Raven grunted and hung up.
Elise stared at the phone and replayed the conversation in her mind. The longer she thought about it, the angrier she became.
Rain pelted the roof of Andersen Corporation’s building and the windows shook as thunder boomed overhead.
Elise picked up a spare pen cap and toyed with it before clamping her teeth down on it and gnawing it to death. “This bites big wankerdoodle,” she complained into her cluttered cubicle. “What was she thinking not to pay her taxes?”
She picked up a folder from the top of the stack she had to muddle through before clocking out and arranged the papers on the tray next to the monitor. “I’ll tell you what she was thinking. ‘Government, I don’t need no stinking government.’”
Elise threw down the mutilated pen cap and grabbed a fresh one. “Ha! It’s all that nonsense preached about at The Guiding Light of Gaia which has brought the tax police down on her.”
She moved the mouse and clicked open the file where she kept all of Luc’s notes on the computer. “Well, Moonbeam, let’s see Gaia get you out of this one.”
A bright burst of lightning flashed outside the window and the lights in the building died as a resounding explosion rocked the corporate office.

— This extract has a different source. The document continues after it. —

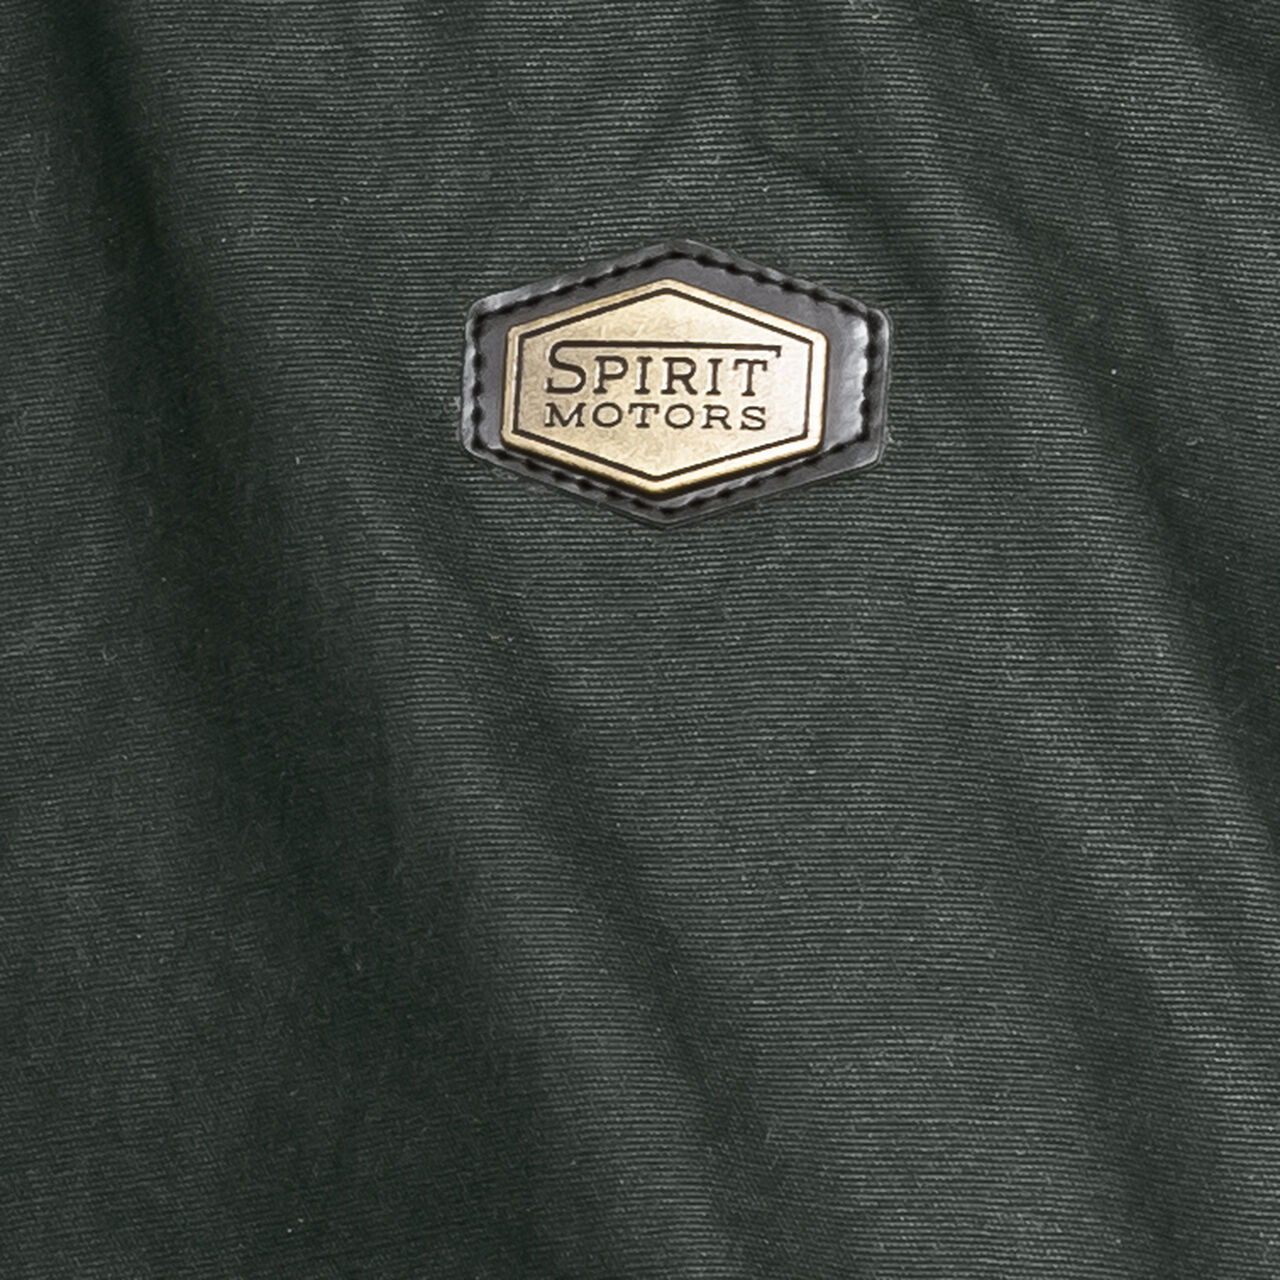 Retro style textile jacket 1.0 green

From somewhere in the middle of the cubicle farm, a co-worker’s blunt, explicit curse reverberated between the walls.
Papers slipped from the tray and floated down into her lap as Donna in the cube next over asked, “Elise, do you smell smoke?”
Lights flickered and the air conditioner groaned back to life.
Elise’s jaw dropped as a tuft of smoke unfurled from her computer. “Oh my goodness.” She looked straight up and said fervently, “I didn’t mean it, Gaia. Honest I didn’t. I’ll never say another bad thing again. Just let me keep the hard drive. Please. I was so close to being finished,” she finished in a pathetic whisper.
“Elise,” Lucien Masters, her boss, called from behind her. “Have you finished the notes from this morning?” He was back from lunch and, more than likely, ready to dictate more changes to his plan for the financial reconstruction of Andersen Corporation.
She swiveled in her chair and gazed up into his clean shaven face. The fear she felt must have been written all over her expression, because his blue-green, grayish eyes moved, looking over her shoulder to the sizzling computer. She cringed inwardly as his relaxed appearance transformed into his patented Lucifer look. His attention fastened on her face and his jaw tensed, along with his shoulders, his hands, and in all likelihood the rest of his body.
“Tell me it’s not as bad as it looks,” he ground out.
She hesitantly lifted her shoulders and picked up the papers from her lap, holding them with a white knuckled grip. “It’s not as bad as it looks. We’ve still got the hard copies.”
There was a loud crack from behind her, then a hiss.
“It’s gonna blow,” Donna cried.
Luc lunged forward and yanked Elise bodily out of the chair. “Someone get a fire extinguisher before the sprinklers go off,” he ordered. He snatched up the folders from the desk and thrust them into Elise’s arms. “Not a word,” he warned.
Her knees shook and she clutched the folders to her stomach then sank to the ground. Her mother owed five hundred thousand dollars or more to the government. Her brother was selling his motorcycle. Her computer was on fire. Her boss was mad at her. And Elise had lost six months’ worth of work on a project which Luc had informed her yesterday would be completed within a few days.
Life couldn’t get much worse than this.
“Elise, where are the notes from the meeting with Hayworth?”
On my fried computer, she nearly answered aloud. “They’re under that stack over there,” she said, pointing to a pile on the corner of his desk.
“I looked there,” he said. Luc ran a frustrated hand through his chestnut brown hair and cursed under his breath. He pushed back his chair and surged to his feet, then leaned over the desk to rifle through stacks of folders.
Elise set aside his laptop computer and went to help him. “I put it with the files from your Tuesday talk with Smithers.”
Luc spared her a glance. “In the same folder?”
“No,” she explained patiently. “It’s in one of its own. I know I brought it in here. It was on my desk before Gaia destroyed by computer.”
“It wasn’t Gaia. It was lightning. And it wasn’t your fault,” he muttered. “So don’t start apologizing again. You heard Jim explain why it happened to your computer and no one else’s.”